Reddit has become the latest victim of Internet censorship in Turkey, where government authorities have blocked the site under an Internet regulation law.
The Telecom Authority of Turkey, which regulates Internet content in the country, has confirmed that it blocked access to Reddit, a popular website for aggregating and commenting on news articles. The agency cited Turkey’s Internet Censorship Law 5651 as the basis for the ban.
The official purpose of that law, which dates to 2007, is to grant the government the authority to block sites or apps that contain pirated material, pornographic content or criticism of the Turkish president. So far, the government has not given a reason for why it chose to block Reddit.
It’s reasonable to assume that Reddit threads on sexually explicit topics or ones critical of the government triggered the ban. However, that would not explain why the government targeted Reddit in particular, but not any of the numerous other sites and online apps that, like Reddit, contain content on a wide variety of topics, including but not limited to those that the Turkish government vows to censor.

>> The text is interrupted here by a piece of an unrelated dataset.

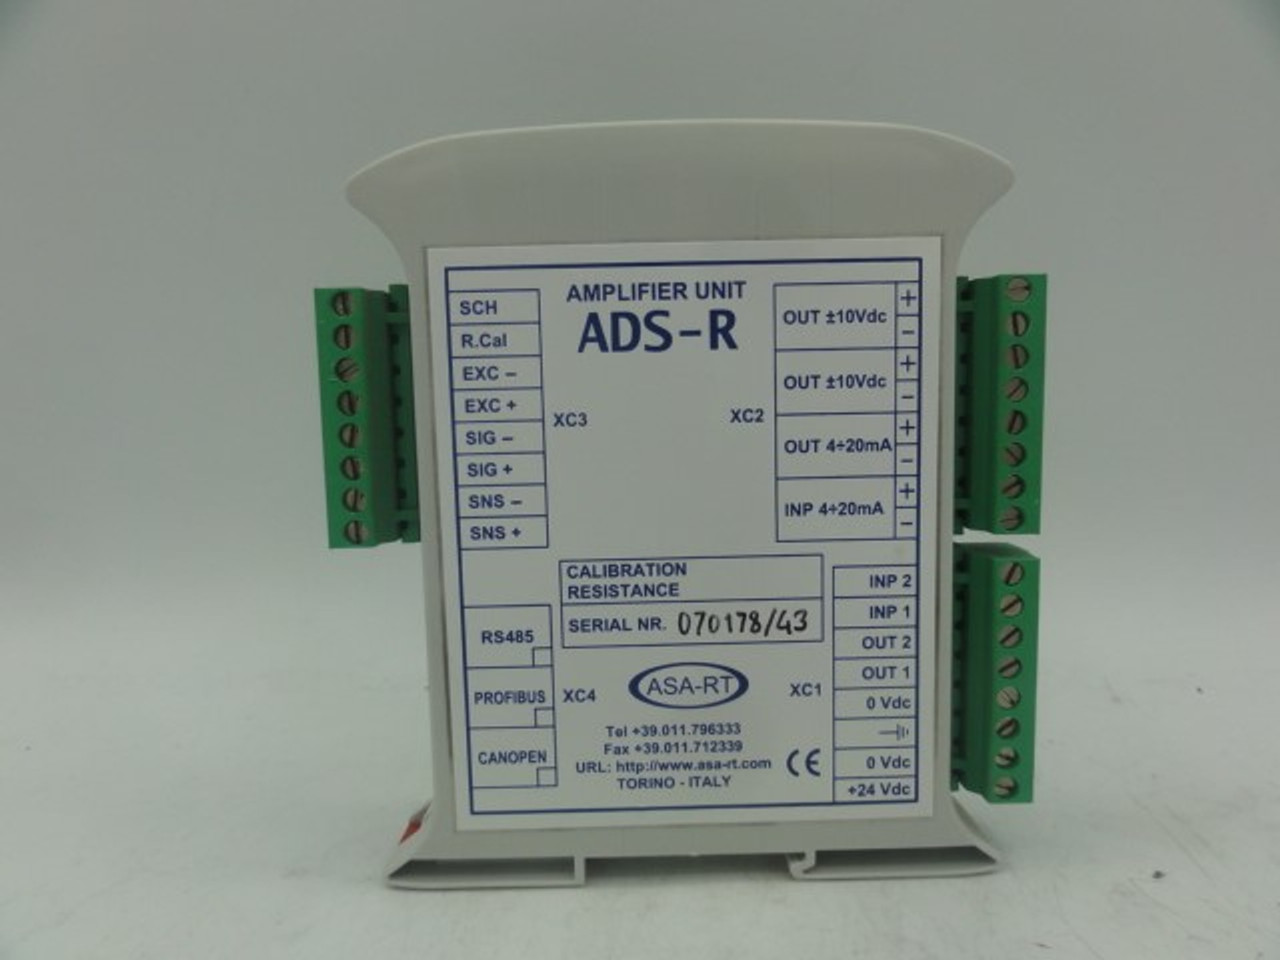 ASA- RT ADS-R Amplifier Unit
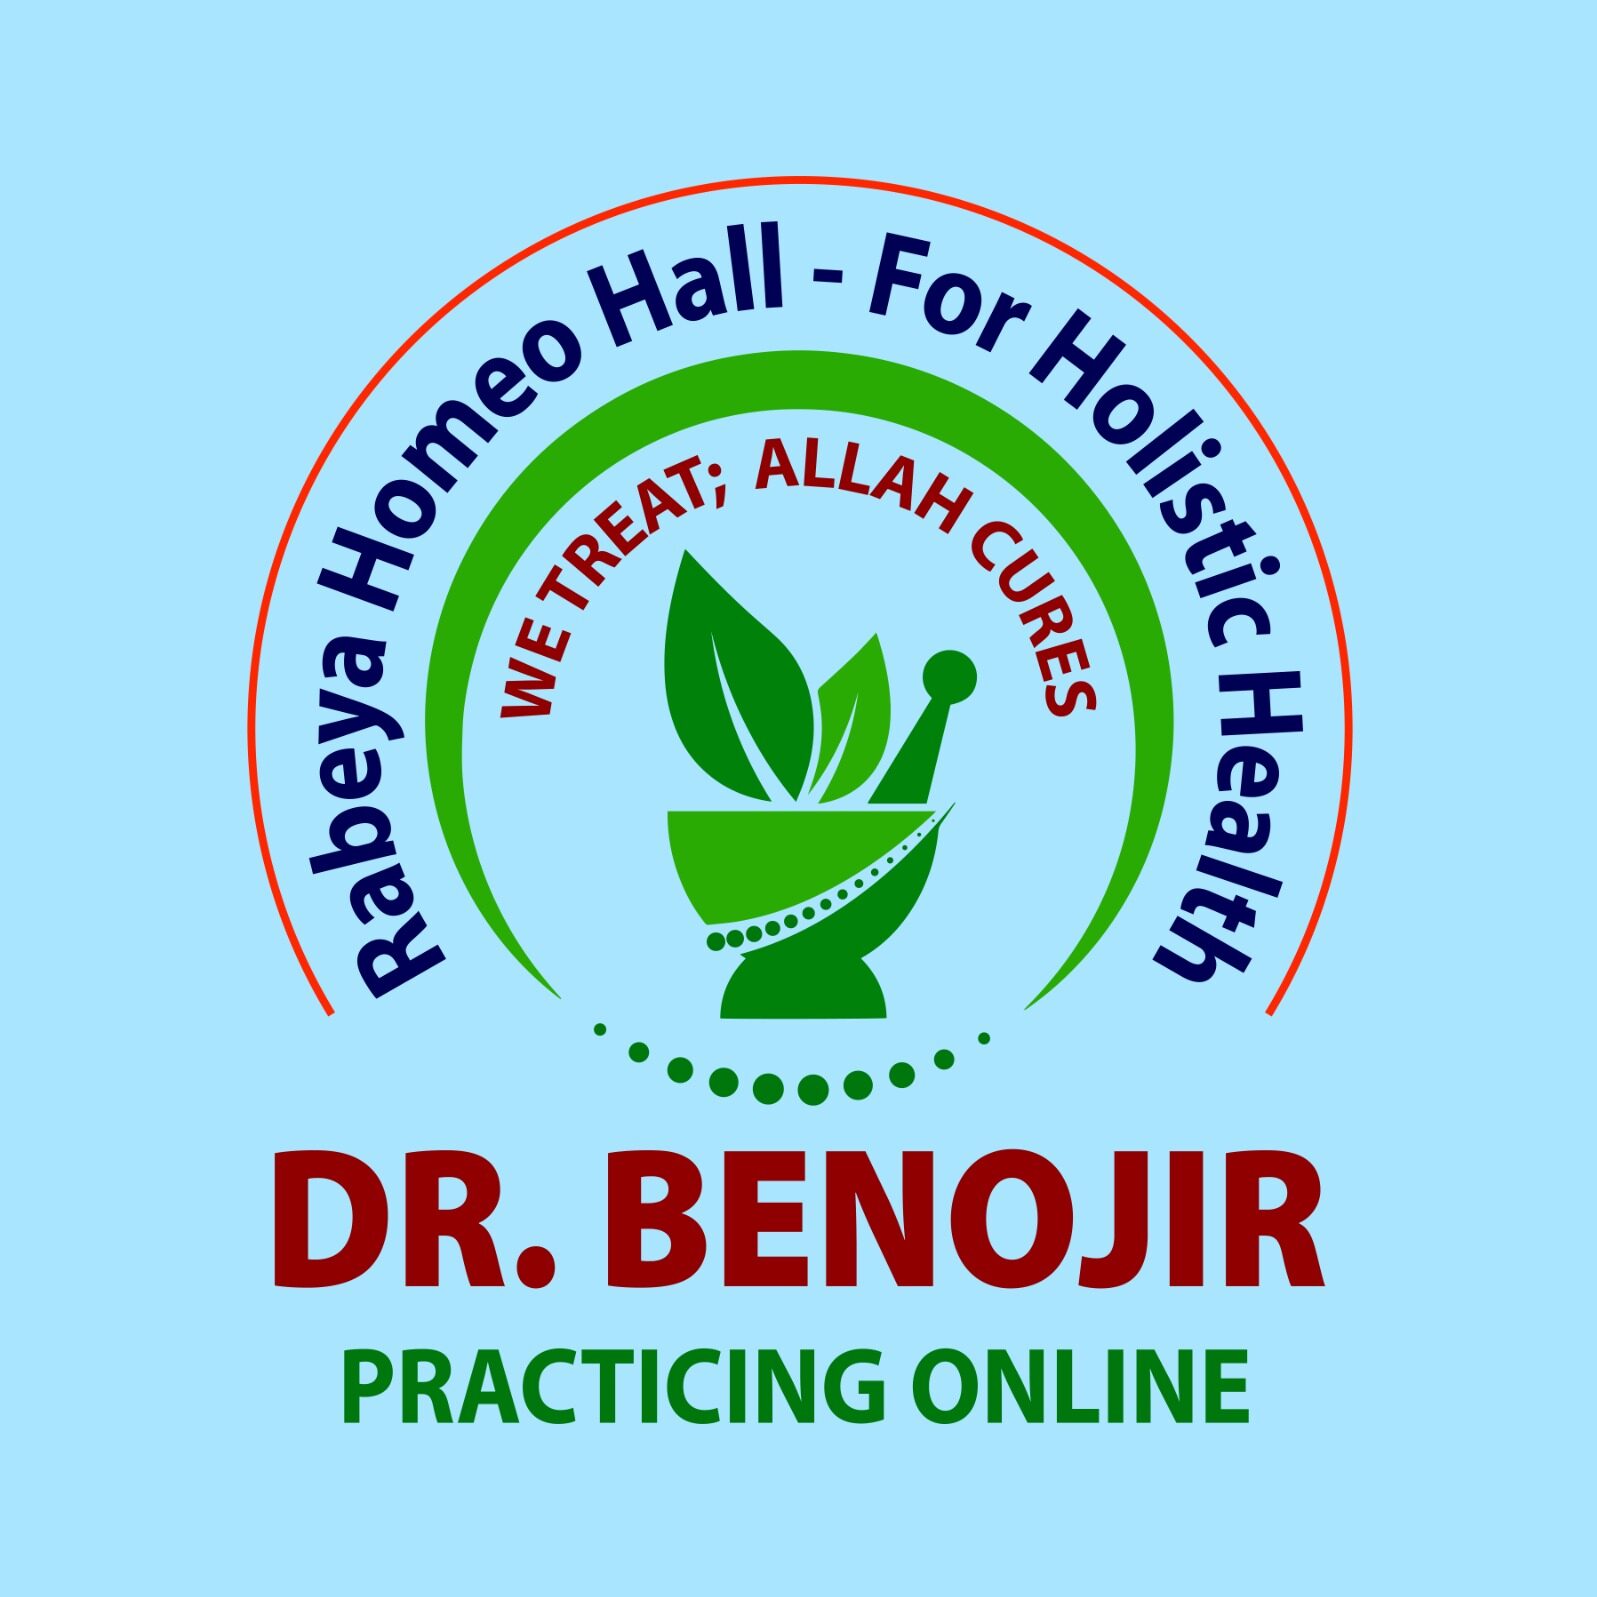 Dr. Benojir

The Reddit censorship is only the latest episode in a long history of online censorship in Turkey. The government has blocked YouTube and Twitter in the past, although courts threw out those bans.

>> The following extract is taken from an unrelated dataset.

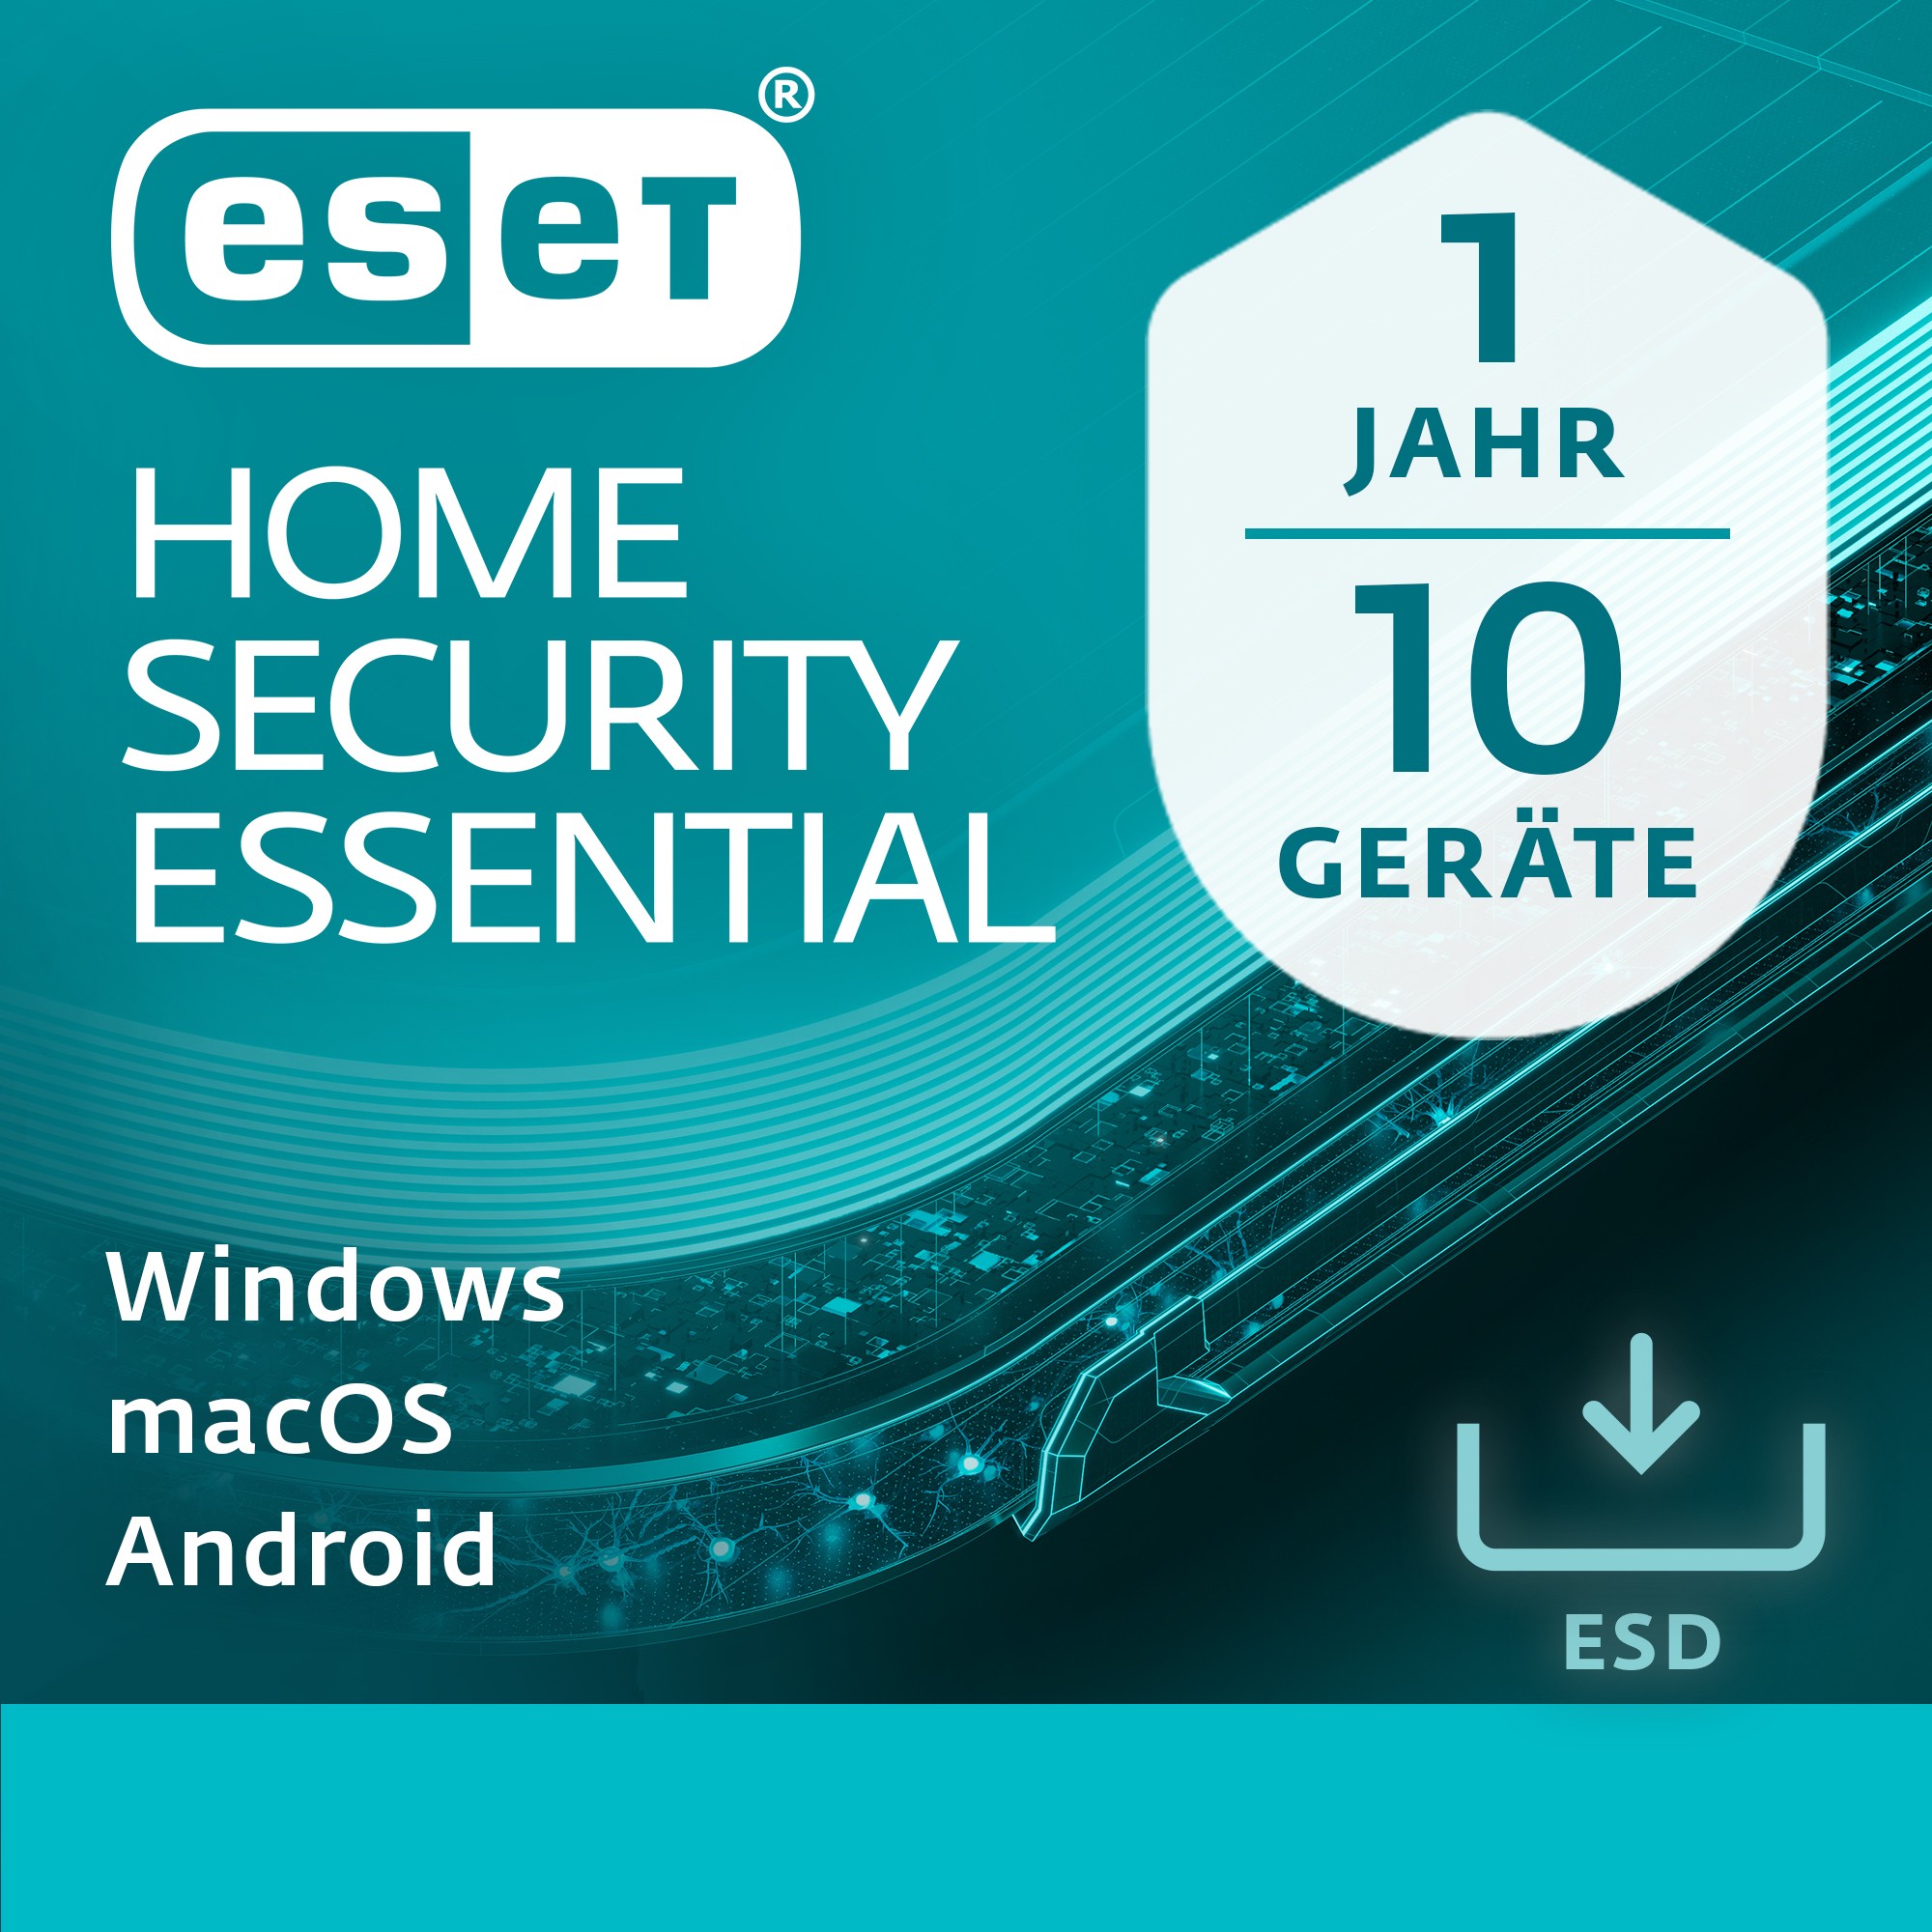 ESET EHSE-N1A10-VAKT-E, ESD-Lizenzen, ESET Home Security  (BILD1)

Fortunately for Reddit fans in Turkey, the government has not censored the site in a very sophisticated way. It has only blocked Reddit access at the DNS level. Anyone using a DNS service not based in Turkey — like these free public DNS services — can easily circumvent the ban. (The Turkish government has blocked some public DNS services — notably Google’s — in the past to prevent backdoor access to the sites it censors, but it’s unlikely that it can block every third-party DNS.)